Rolf Fringer

Personal information
- Date of birth: 26 January 1957 (age 69)
- Place of birth: Adliswil, Switzerland
- Position: Defender

Senior career*
- Years: Team / Apps / (Gls)
- 1980–1981: CS Chênois / 18 / (2)
- 1981–1983: FC Luzern / 35 / (1)
- 1983–1989: SC Zug
- 1986–1989: Schaffhausen

Managerial career
- 1990–1992: Schaffhausen
- 1992–1995: FC Aarau
- 1995–1996: VfB Stuttgart
- 1996–1997: Switzerland
- 1998–1999: Grasshoppers
- 2000–2002: FC Aarau
- 2003: Al-Wahda
- 2004: Apollon Limassol
- 2004–2005: PAOK
- 2006–2007: St. Gallen
- 2008–2011: FC Luzern
- 2012: FC Zürich

= Rolf Fringer =

Austrian football manager (born 1957)

Rolf Fringer (born 26 January 1957) is an Austrian football manager and former player. He has managed the Switzerland national team and numerous Swiss football clubs.

==Career==
Fringer led FC Aarau to the 1992–93 Swiss national title. At FC Luzern he was known for his counterattacking football.
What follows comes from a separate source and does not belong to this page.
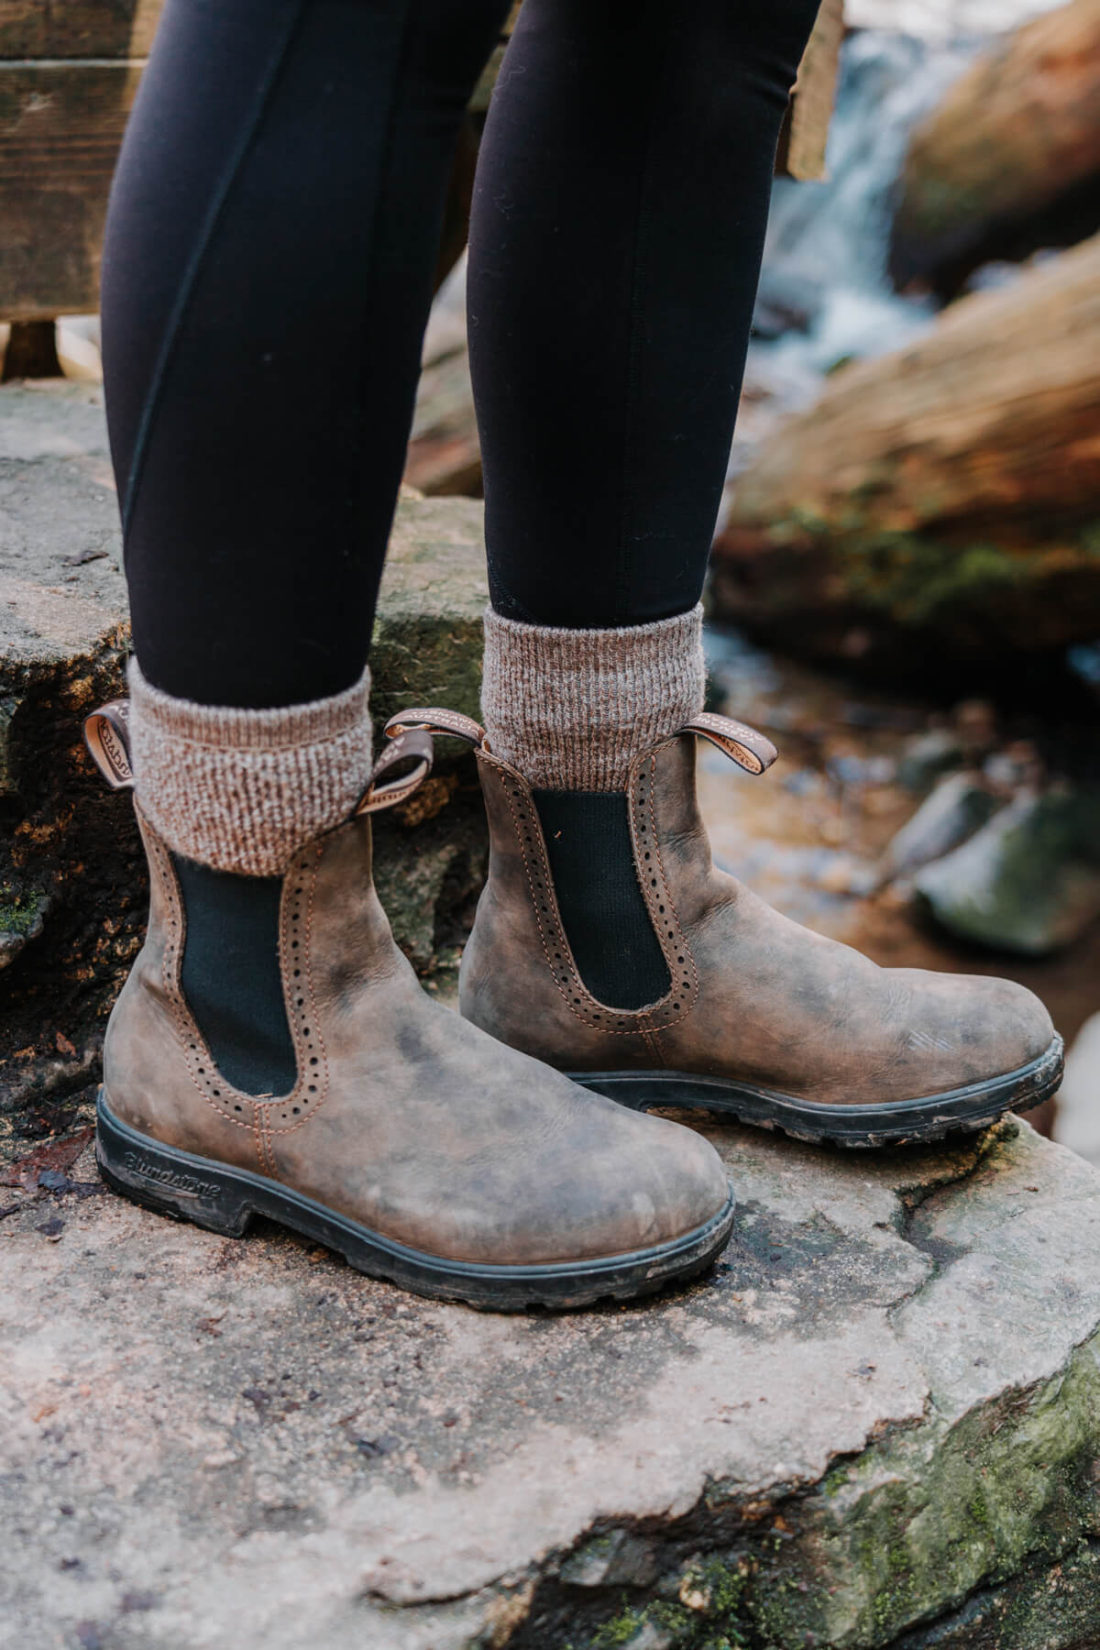 Are Blundstones Comfortable for Walking?

He was replaced as Luzern manager by Murat Yakin.

In April 2012 it was announced that Rolf Fringer would join FC Zürich as manager in summer 2012. When he was appointed he stated that it was his proudest day as he was an FCZ fan as a child. His first transfer as manager was to sign Burim Kukeli, whom he had managed at FC Luzern. On 26 November it was announced following a board meeting to relieve Fringer of his duties, with FC Zürich sitting at 7th in the Super League.